News

Hazing illegal but persistent - hazing of women cadets at the Virginia Military Institute

by Linda L. Meggett , July 5, 2007

CHARLESTON, S.C. -- The kind of hazing that allegedly happened to two female cadets at The Citadel in recent months is nothing new.

Jeanie Mentavlos of Charlotte, N.C., and Kim Messer of Clover, S.C., alleged that they were physically and verbally hazed by upperclassmen after suffering stress fractures that exempted them from rigorous marching and other military training. The alleged hazings were made public December 13 and college administrators asked the State Law Enforcement Division and the FBI to investigate.

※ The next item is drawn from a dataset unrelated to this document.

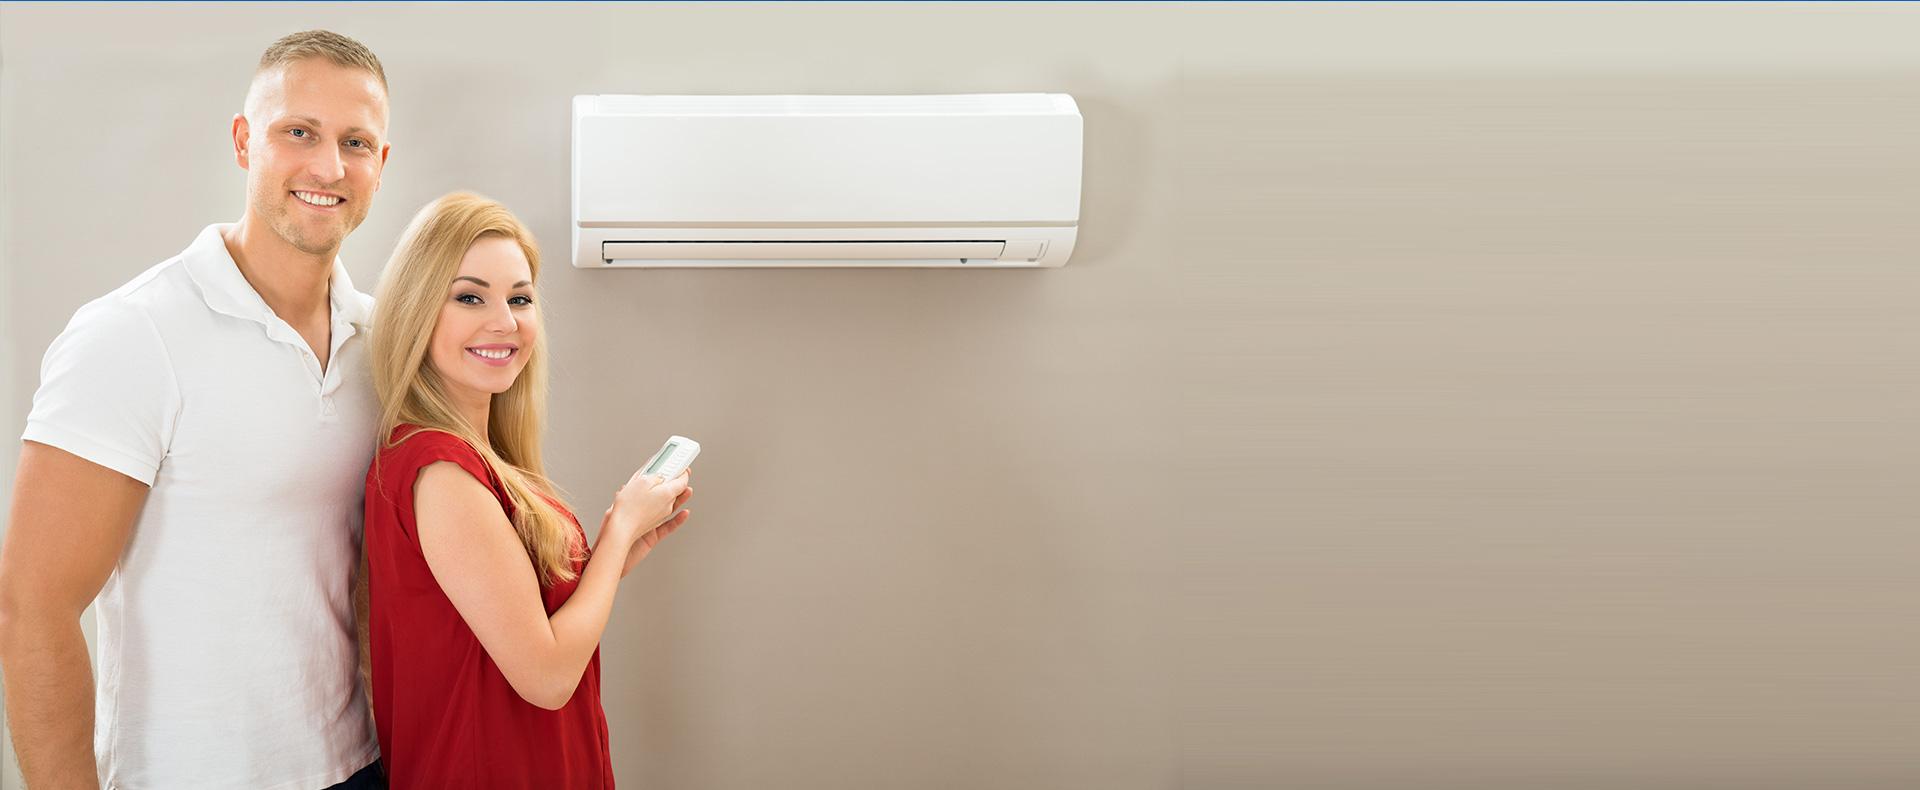 Kundenfeedback Kälte- und Klimatechnik Kruse

Although school regulations and state law prohibit the practice, allegations of hazing incidents have persisted. Some cases have been reported, but others have taken years to be told. Thirty years ago, The Citadel's first Black cadet, Charles D. Foster, was the alleged victim of abuse but only a few of his classmates would say it publicly.

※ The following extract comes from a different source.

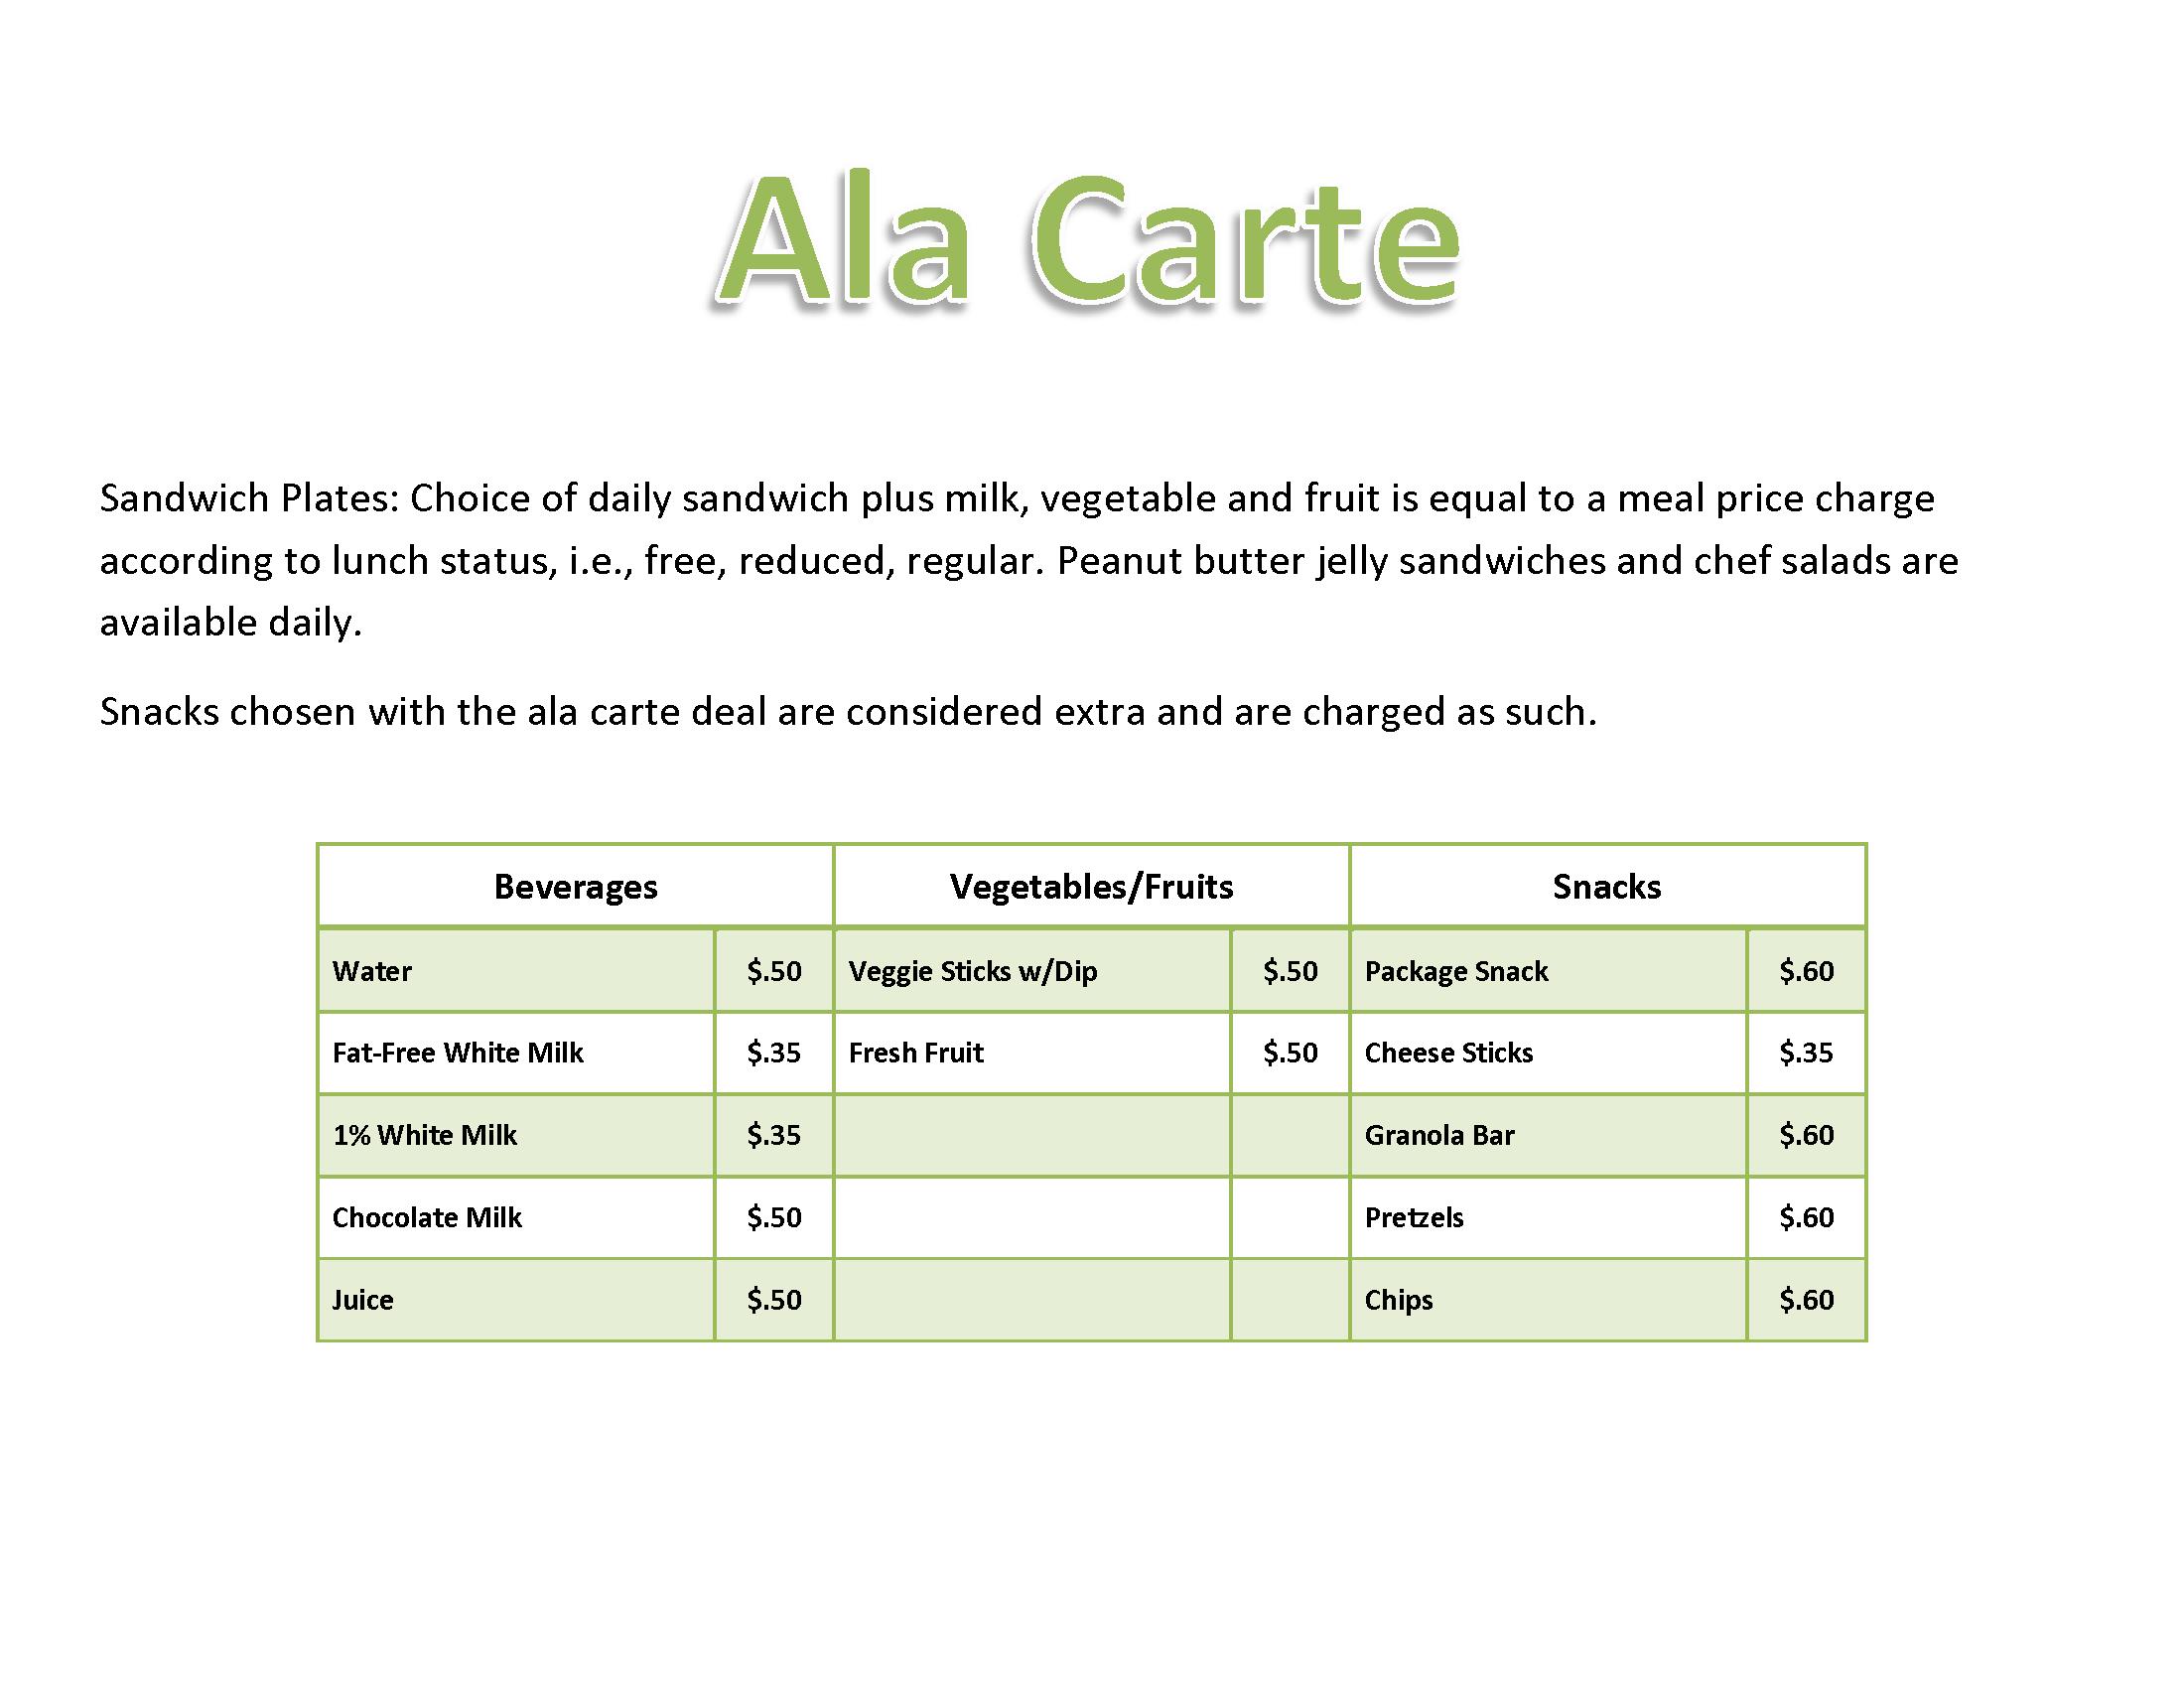 http://www2.sedomocha.org/DistrictInfo/alacartemenu.pdf

Messer's father reported that a Citadel upperclassman used a rifle to shove the two female freshmen against a barracks wall. There were also allegations that someone squirted liquid nail polish remover on their clothing and ignited it. Two male cadets were suspended and five others were relieved of their duties because of the incidents.

The other two female cadets, Petra Lovetinska, a Czech national from Washington, D.C., and Nancy Mace of Goose Creek, S.C. have not reported any hazing incidents.

The four females were admitted to The Citadel last fall after the U.S. Supreme Court ruled last summer that Virginia Military Institute's all-male admissions policy was unconstitutional. The Citadel and Virginia Military Institute were the last two state-supported all-male colleges.

The first year for freshmen -- or knobs, as they are called at the academy -- has been traditionally tough, combining intense physical training and psychological confrontation along with the daily class work. However, some upperclassmen have taken the confrontational aspect to the extreme. As a result, the fourth-class system has been scrutinized a number of times in the past two decades -- including in 1968, two years after Foster's arrival.